Ребята из полкового оркестра говорили после сражения, что холод был такой, что губы прилипали к медным мундштукам труб, когда они по моему приказу в начале атаки играли любимую песню нашего полка «Гэрри Оуэн». Но они преувеличивают. На самом деле замерзала только их слюна, отчего духовые скоро стали фальшивить, а потом музыка вообще прекратилась. Но это не имело значения, поскольку я уже вел отряд вниз по склону в долину, скакал (конечно) впереди, держа саблю в вытянутой руке.

Мы застали индейцев — оказалось, что это деревня шайенна, что порадовало наших кровожадных разведчиков-осейджей, — врасплох, но воины в считаные секунды повыскакивали из своих вигвамов и типи, кидая копья, стреляя из луков и магазинных ружей. Мы рубили их на месте. Должен поделиться с тобой жестокой правдой войны, Либби: когда старик, старуха или (я видел это в начале схватки) десятилетний мальчик поднимали ружье или копье павшего воина и направляли на моих ребят, кавалеристы рубили и их. Многие из этих солдат гонялись за враждебными индейцами два года и более, но никогда не сходились с ними в честной схватке, а видели только скальпированных белых, изнасилованных женщин, сожженные поселения — все, что те оставляли после себя. Мои ребята слишком долго сдерживали копившийся гнев, и сражение (хотя и короткое, длившееся меньше часа, при этом настоящая схватка продолжалась всего полчаса) было ожесточенным.

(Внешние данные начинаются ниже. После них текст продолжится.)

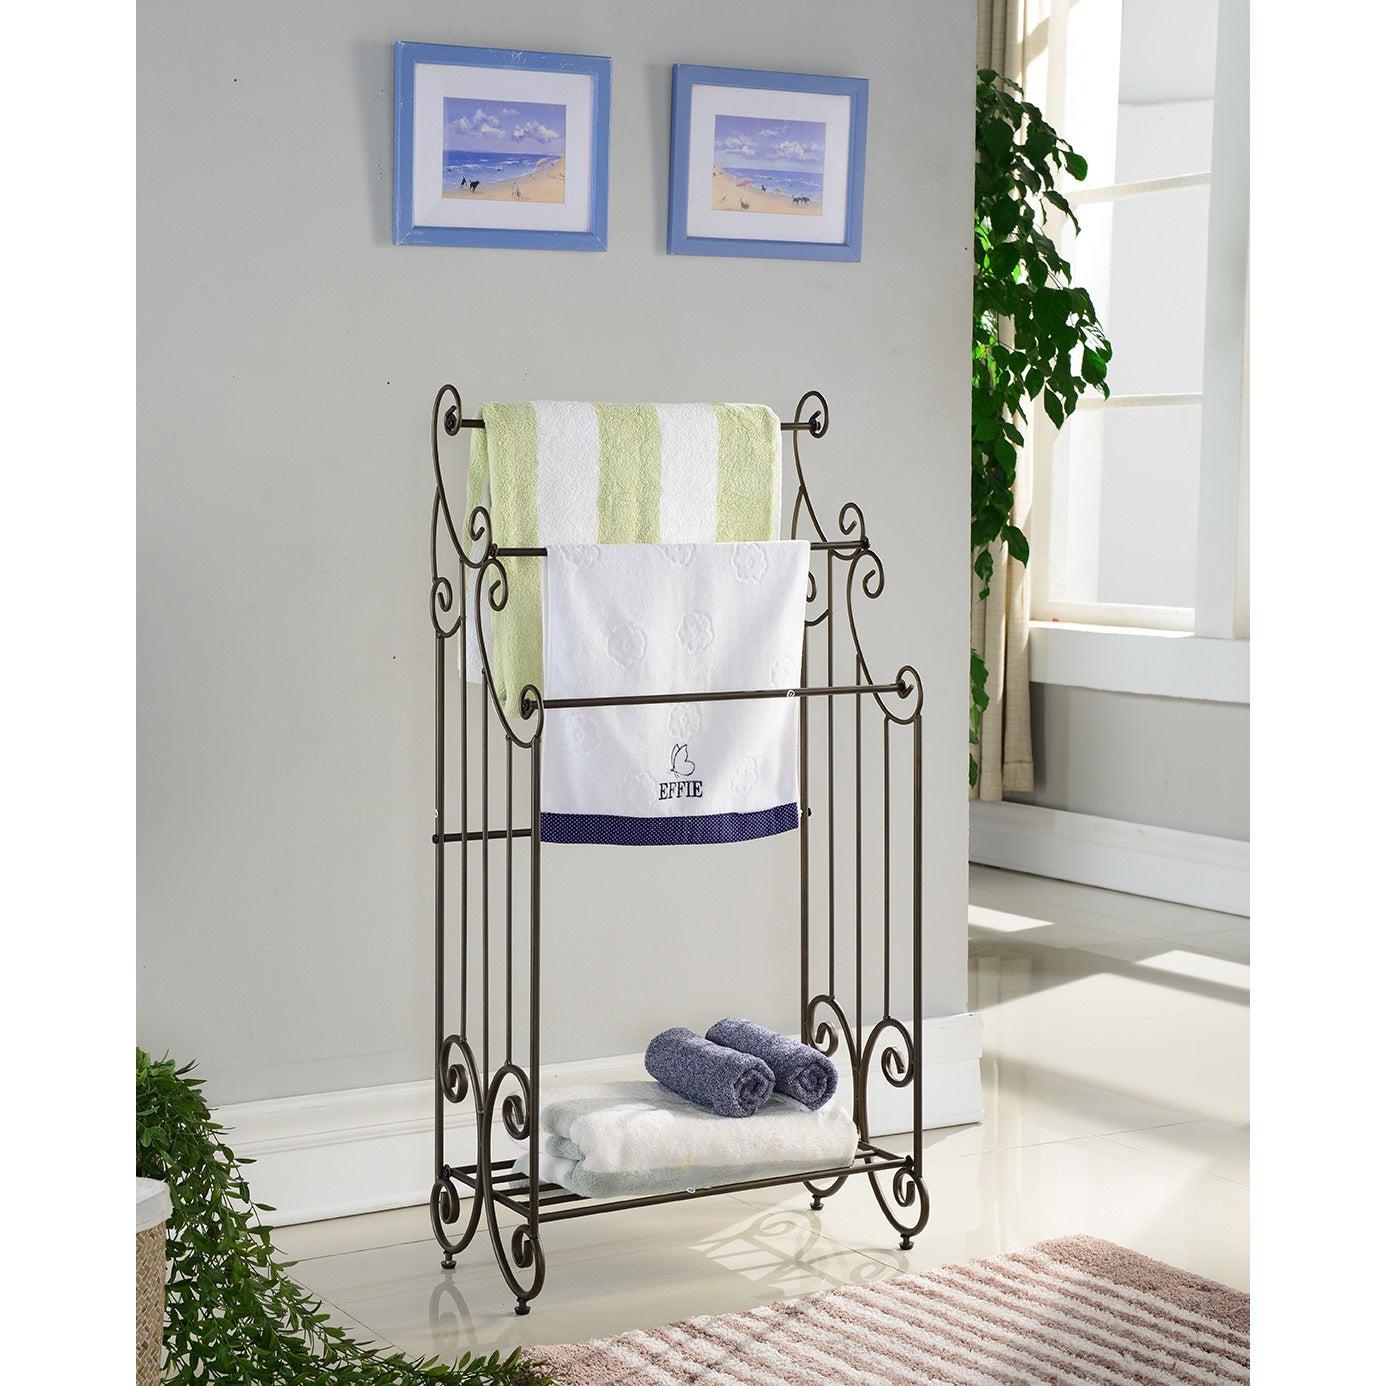 Shop K&B Towel Rack - Free Shipping Today - Overstock.com - 11746530

Индейские воины отступили из деревни и попытались перебраться на другой берег Вашита-ривер, но многих из них мы перестреляли, пока они брели по пояс в ледяной стремительной воде. Те, кто смог добраться до густого леса на другой стороне, вели стрельбу с выгодных позиций, но я отправил туда людей из всех четырех наших атакующих с разных сторон отрядов (лес на самом деле оказался не очень густой, и нам не пришлось спешиваться), и воины один за другим были убиты. Почти никто из них не позволил захватить себя в плен.

Наши потери были невелики — убит один из моих офицеров и ранены одиннадцать солдат. Мой заместитель (ты помнишь майора Элиота)[66] с девятнадцатью солдатами поскакал за бежавшими индейцами в сторону от реки, и хотя мы ждали их скорого возвращения, отряд так и не вернулся. Позднее мы узнали, что ниже по течению индейцы устроили засаду и убили Элиота и его людей.

И тем не менее победа была полной. У меня было пятьдесят три пленника — в основном женщины и дети, которые во время схватки оставались в вигвамах, — и более девяти сотен индейских пони. Женщин и детей мы взяли с собой, но я приказал пристрелить около восьмисот пятидесяти пони — в основном пегой масти. Я знаю, как ты любишь лошадей, моя дорогая, и знал, что ты расстроилась, когда я, вернувшись, рассказал тебе об этом, но думаю, ты поняла, что выбора у меня не было. Я позволил женщинам, детям и паре древних стариков выбрать себе пони, но мои ребята никак не могли отогнать восемьсот пятьдесят индейских пегих в Кэмп-Саплай. А бросить лошадей, чтобы их забрал враг, было немыслимо.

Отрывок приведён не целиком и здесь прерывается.